I wondered if a tree structure would be a lot faster (though just as bad 
in the degenerate case). Was this considered at all?

I normally work in Python these days and found blame.py in tools/examples. 
It appears to use a different strategy - doing a full diff between each 
version, which will be a lot slower. But if I can cache information 
locally then maybe I could get away without having to obtain all the log 
information. Is there anything like this around?

Hugh Gibson

---------------------------------------------------------------------
To unsubscribe, e-mail: dev-unsubscribe@subversion.tigris.org
For additional commands, e-mail: dev-help@subversion.tigris.org

Re: Getting raw blame information

Posted by Hugh Gibson <hg...@cix.co.uk>.
> > Hmmm. How many unit tests are there for SVN in general?
> >  
> 
> Lots.  Really.  SVN has a great unit test framework.  

That's reassuring.

> But only two tests have been written for blame, and neither of those 
> address the blame calculation directly.

OK. 

> Run "make check" if you've got a lot of time on your hands.   You can
> look in subversion/tests/clients/cmdline/blame_tests.py for what we've
> got in the way of blame testing.

Time is what I don't have a lot of.
 
> The right thing to do is probably to generalize the blame calculation
> routines and move them to libsvn_subr (or perhaps libsvn_diff), and
> add real unit tests to subversion/tests/libsvn_subr.   This would
> lower the barrier to moving the blame calculation to the server side,
> too.

If it was on the server it wouldn't be limited by the network, so the 
algorithm would be more important. However, I'm not going to be able to 
afford the time to get into it all. I'll think about the algorithm some 
more but the learning curve for SVN development would be too much when 
we're working hard with a small team to get a new product developed.
 
> The wildcards are expanded by the shell on unixy systems, and by magical
> linker tricks on Windows.  That is to say, none of Subversion's code
> handles command-line wildcards directly.  That means that it's always
> okay to pass wildcards to Subversion.
> 
> Is it possible that the wildcard expanded to a directory name, and that
> blame doesn't produce a nice looking message when run on a directory?
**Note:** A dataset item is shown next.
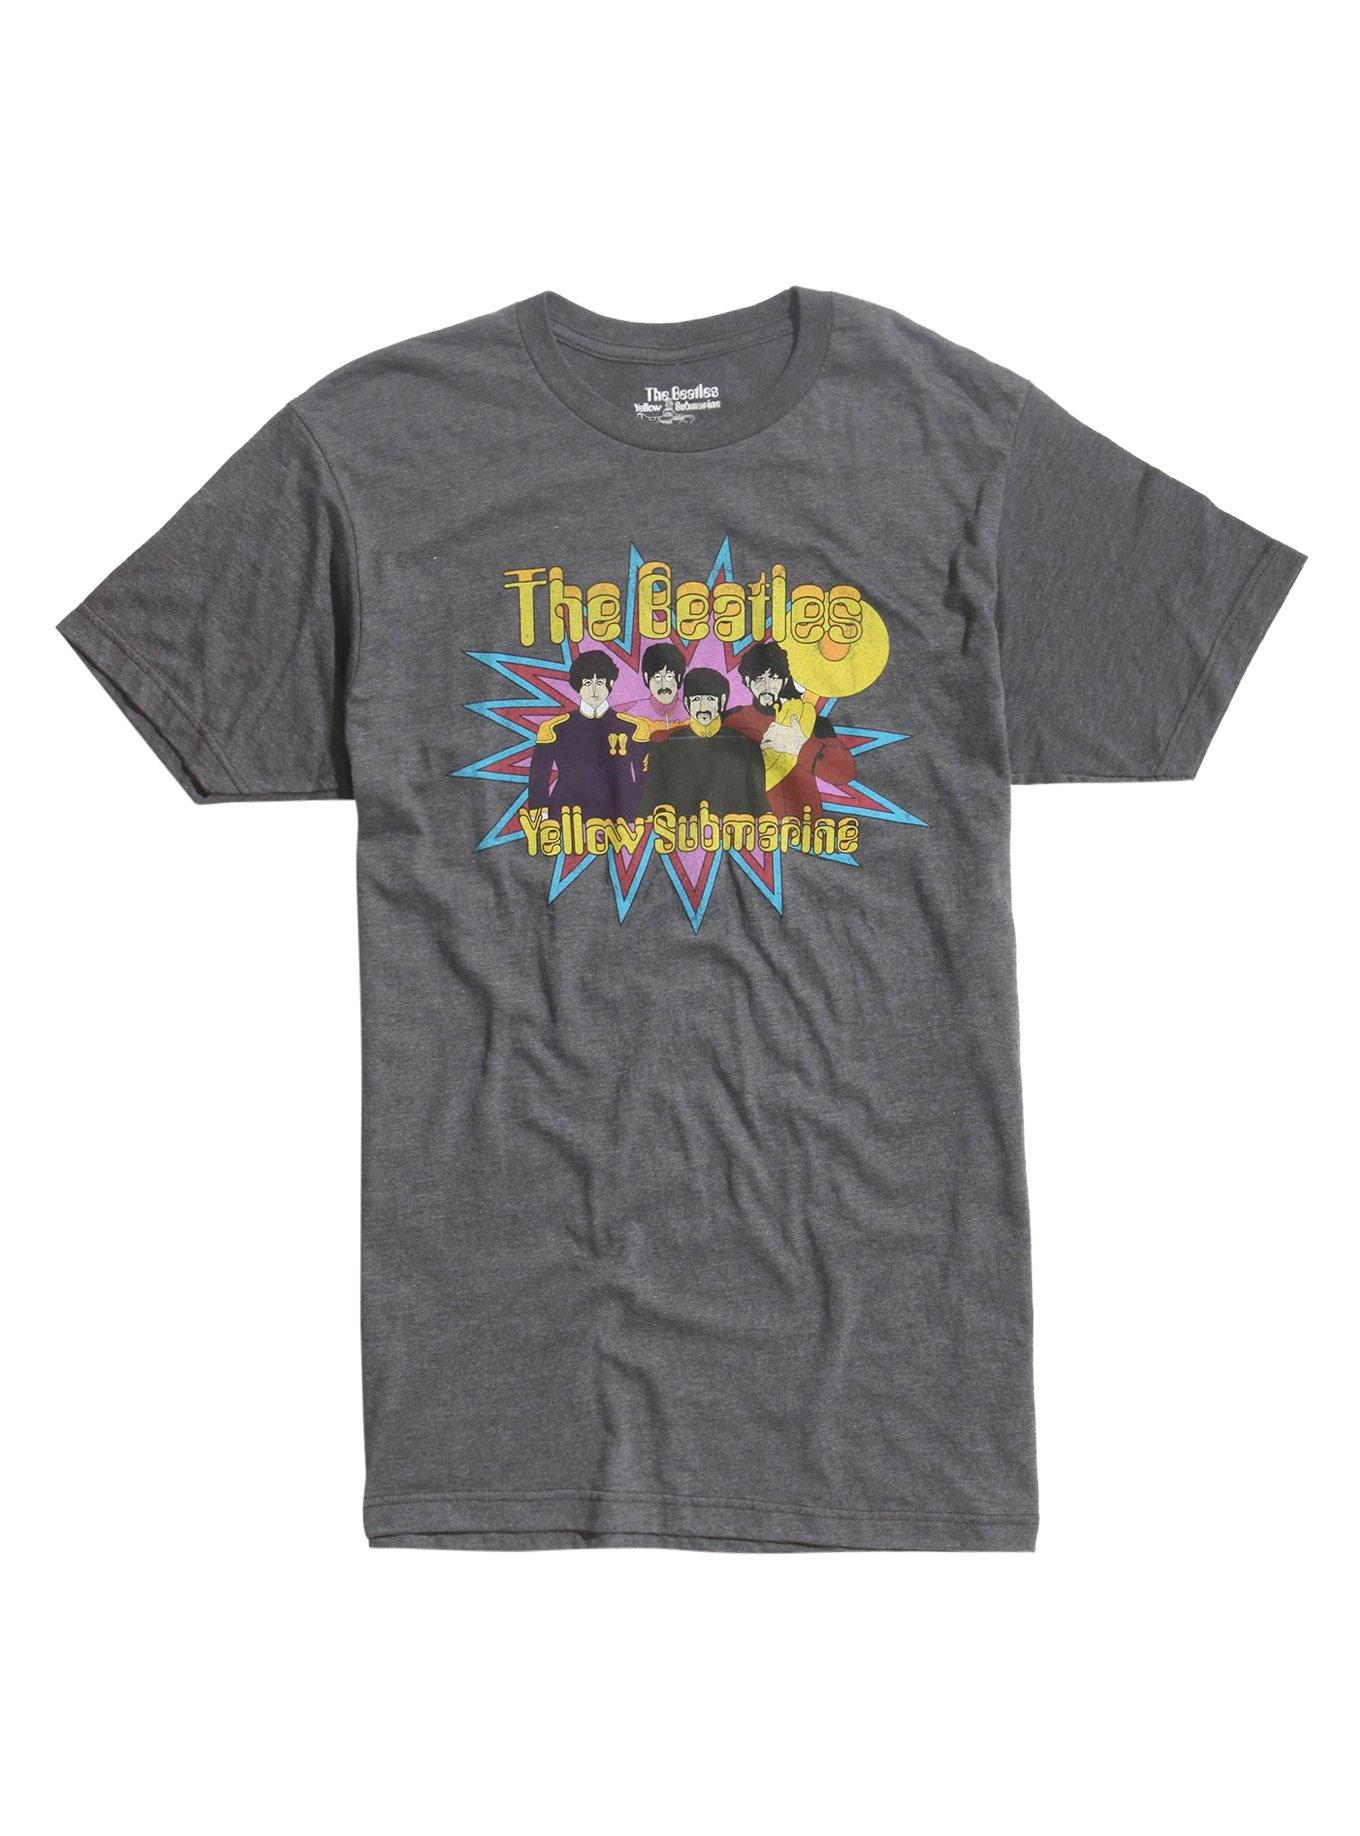 The Beatles Yellow Submarine Group T-Shirt | Hot Topic
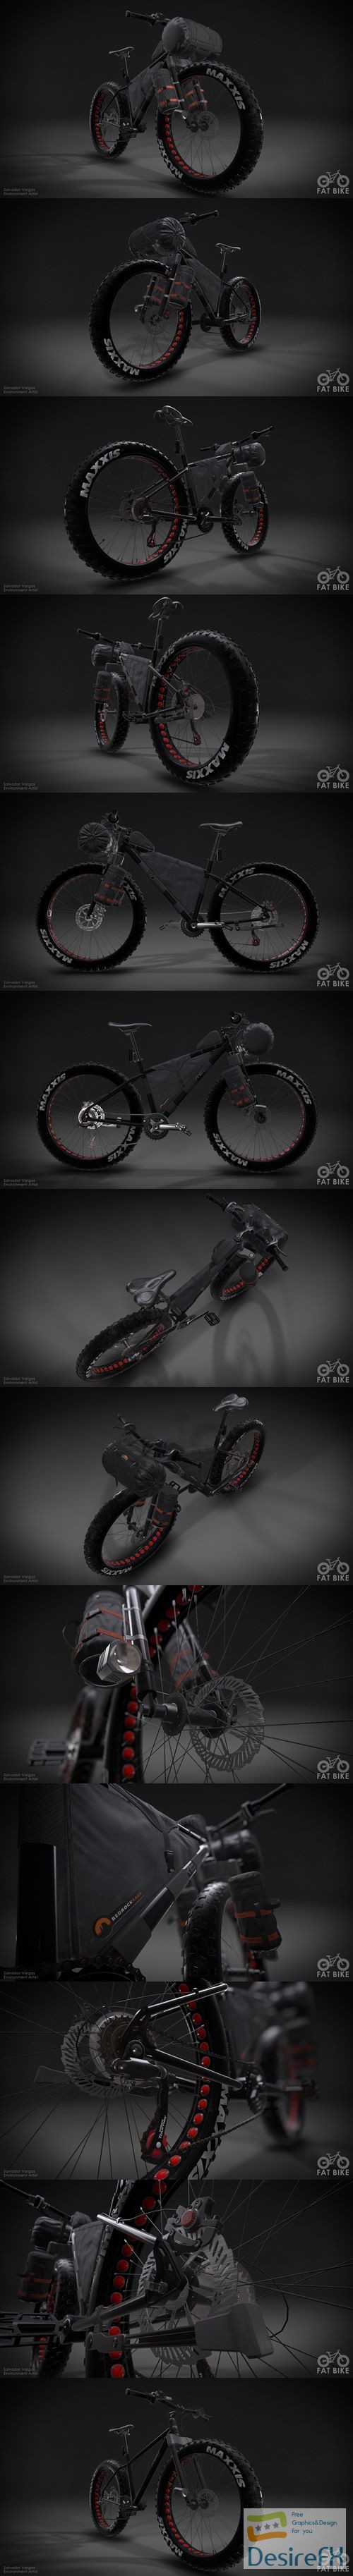 The Fat Bike 3D Model

Yes, it's more than likely that this was the first directory name. I was 
hoping that the command would be run recursively (like CVS annotate, which 
works on all the files in the repository). I suppose I should just do it 
one by one.

Hugh

---------------------------------------------------------------------
To unsubscribe, e-mail: dev-unsubscribe@subversion.tigris.org
For additional commands, e-mail: dev-help@subversion.tigris.org

Re: Getting raw blame information

Posted by Mark Benedetto King <mb...@lowlatency.com>.
On Thu, Jan 13, 2005 at 09:07:00AM +0000, Hugh Gibson wrote:
> > > Do you have unit tests for it? That would be important for testing 
> > > any new implementation.
> > 
> > I wish we had unit tests for it.  That would be important for testing
> > any new implementation.
> 
> Hmmm. How many unit tests are there for SVN in general?
>  

Lots.  Really.  SVN has a great unit test framework.  But only two tests
have been written for blame, and neither of those address the blame
calculation directly.

Run "make check" if you've got a lot of time on your hands.   You can
look in subversion/tests/clients/cmdline/blame_tests.py for what we've
got in the way of blame testing.

The right thing to do is probably to generalize the blame calculation
routines and move them to libsvn_subr (or perhaps libsvn_diff), and
add real unit tests to subversion/tests/libsvn_subr.   This would
lower the barrier to moving the blame calculation to the server side,
too.

[...]

> 
> Also, is it OK to pass wildcards to svn blame? I tried using * but got an 
> error message back from the server, which appeared to be complaining about 
> a folder with just a single file in it, which had no revisions (just the 
> initial checkin). I wasn't sure if that was a problem in what I was doing, 
> or with our SVN repository, or with SVN itself.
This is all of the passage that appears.